What the exercise asks:
In your copy, leave out the pictures; write out all the data exactly.

Dataset excerpt:
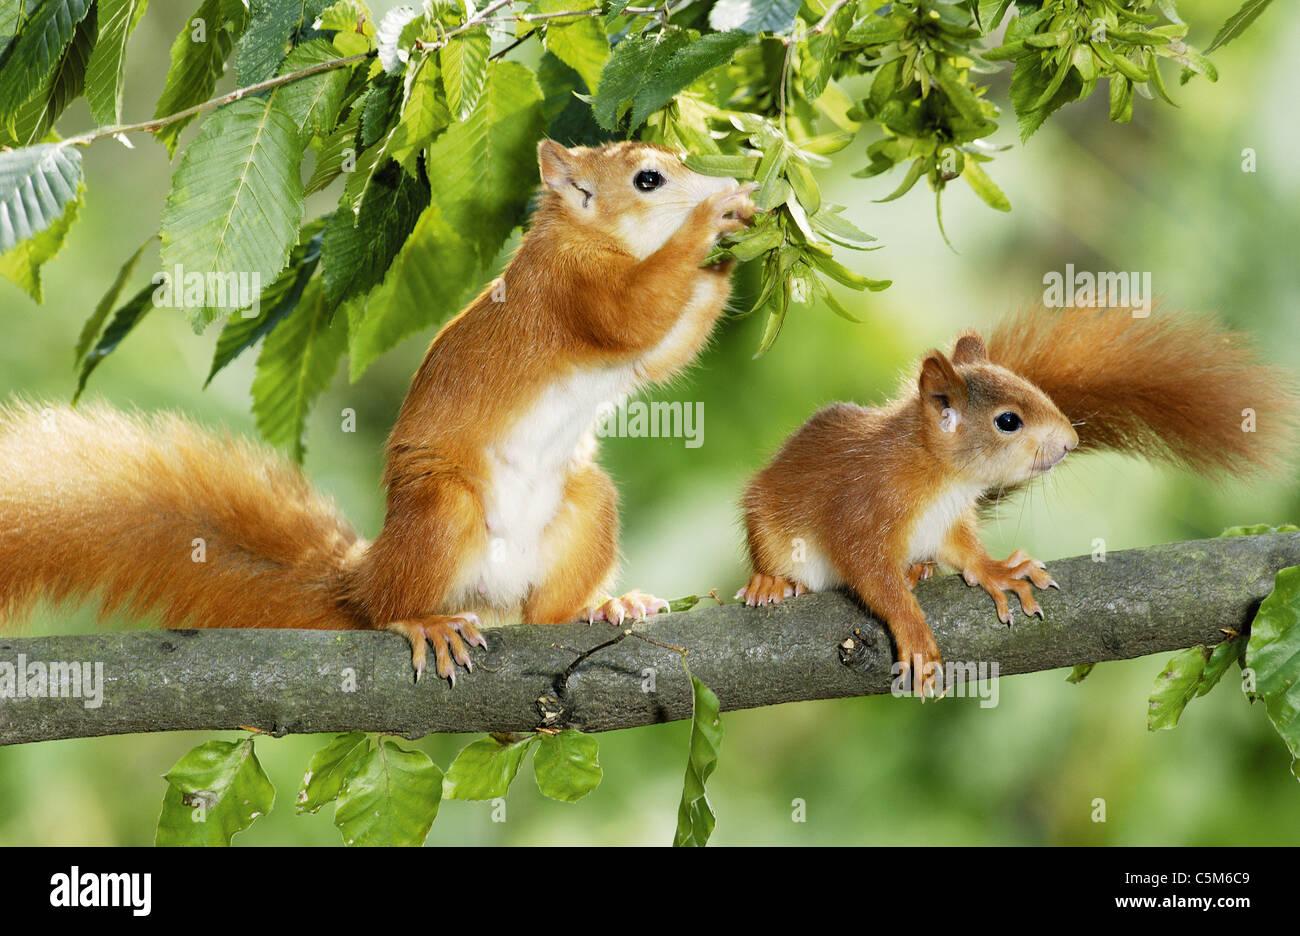 Europäische Eichhörnchen mit Cub auf Baum Stockbild
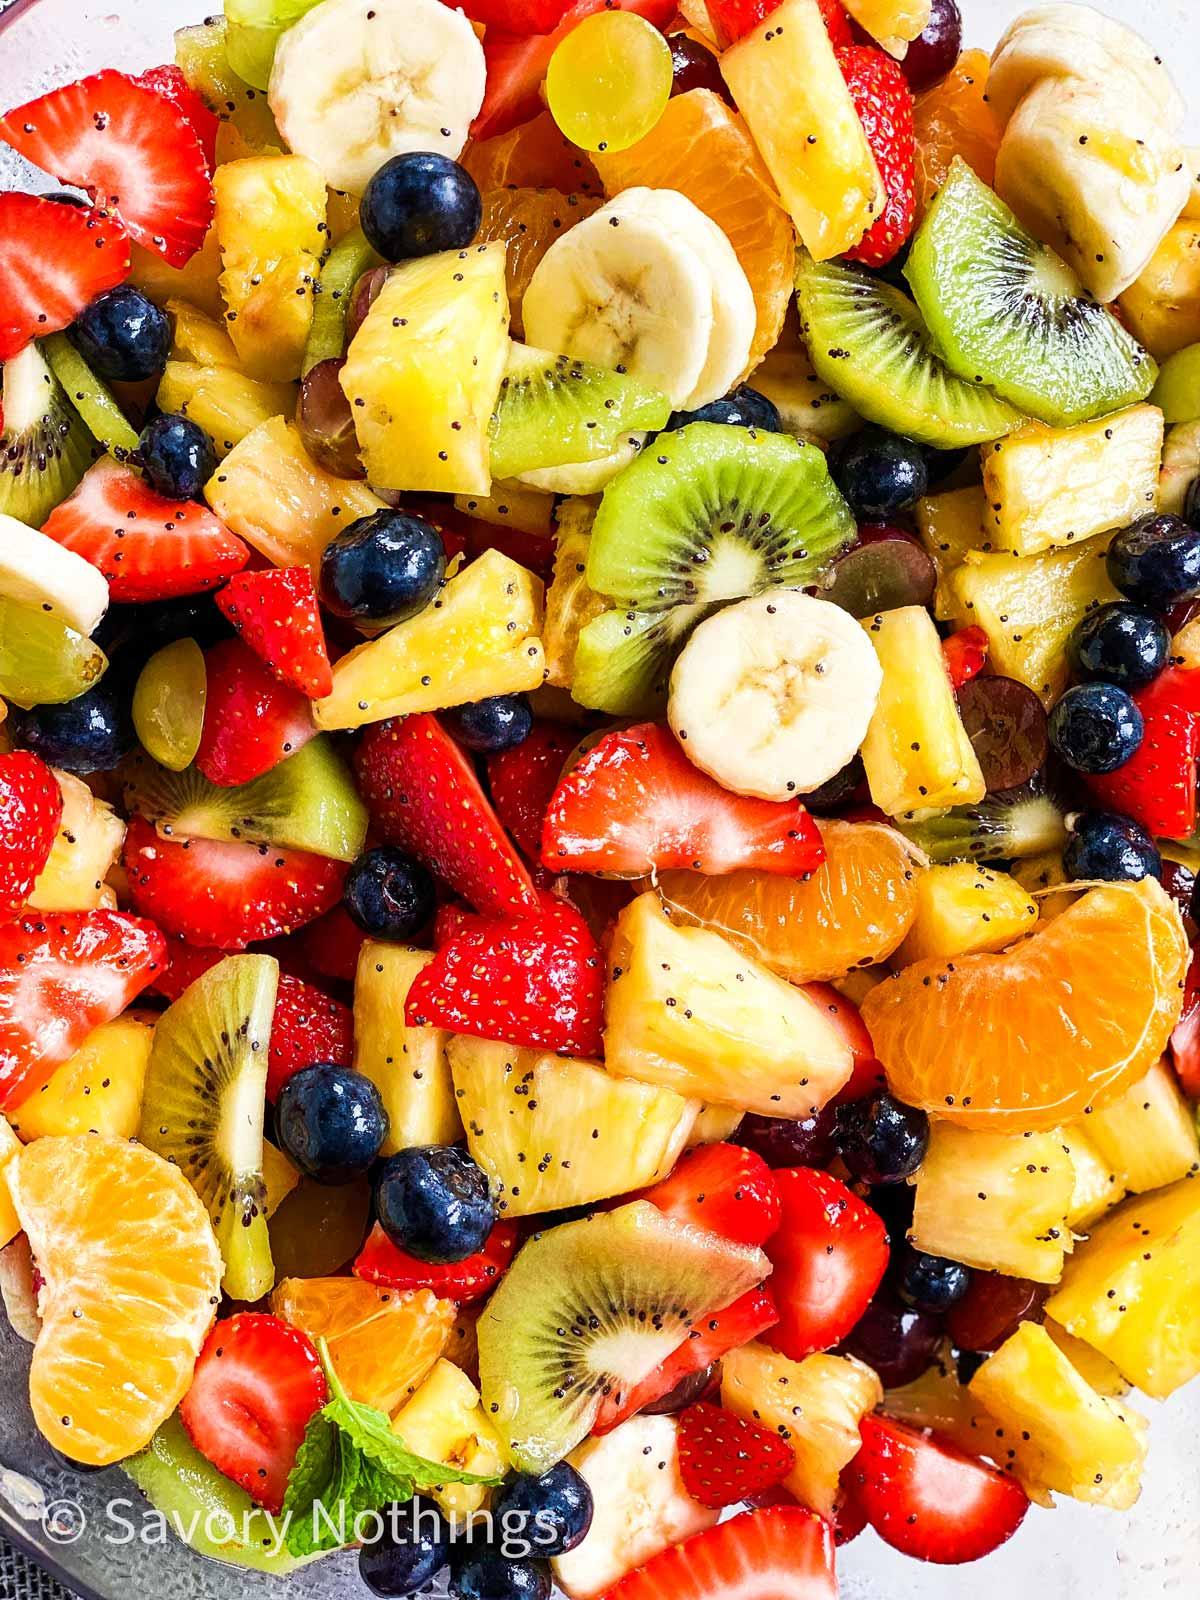 egy friss gyümölcssaláta képe mellett
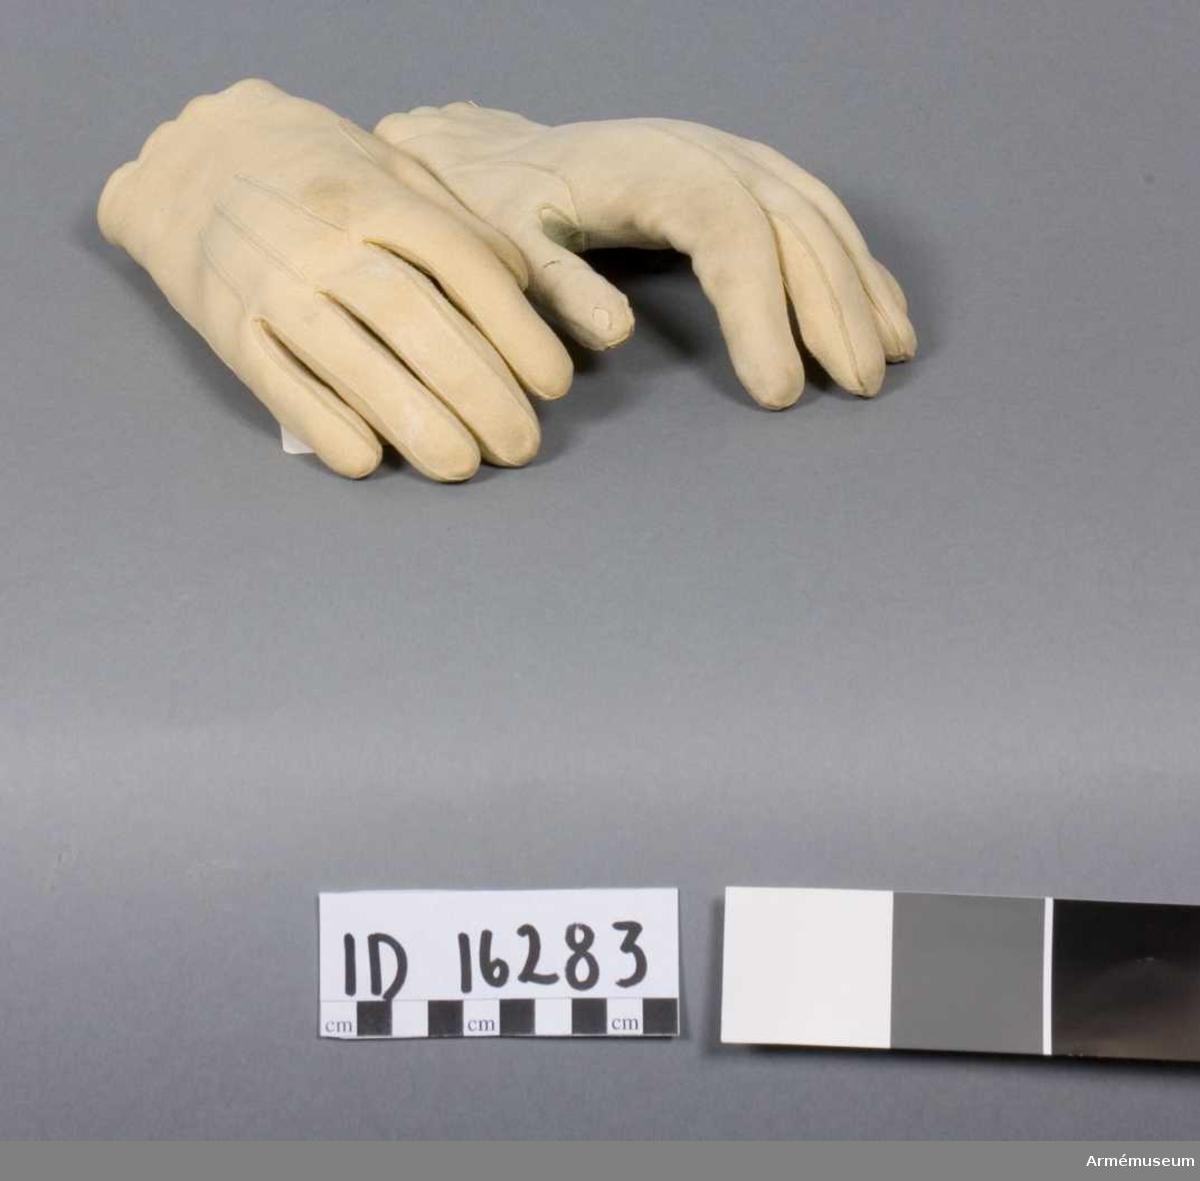 Grupp C 1. Ett par handskar av sämskskinn. Knäpps med en knapp vid varedera handleds undersida.

Solution:
 Europäische Eichhörnchen mit Cub auf Baum Stockbild
 egy friss gyümölcssaláta képe mellett
 Grupp C 1. Ett par handskar av sämskskinn. Knäpps med en knapp vid varedera handleds undersida.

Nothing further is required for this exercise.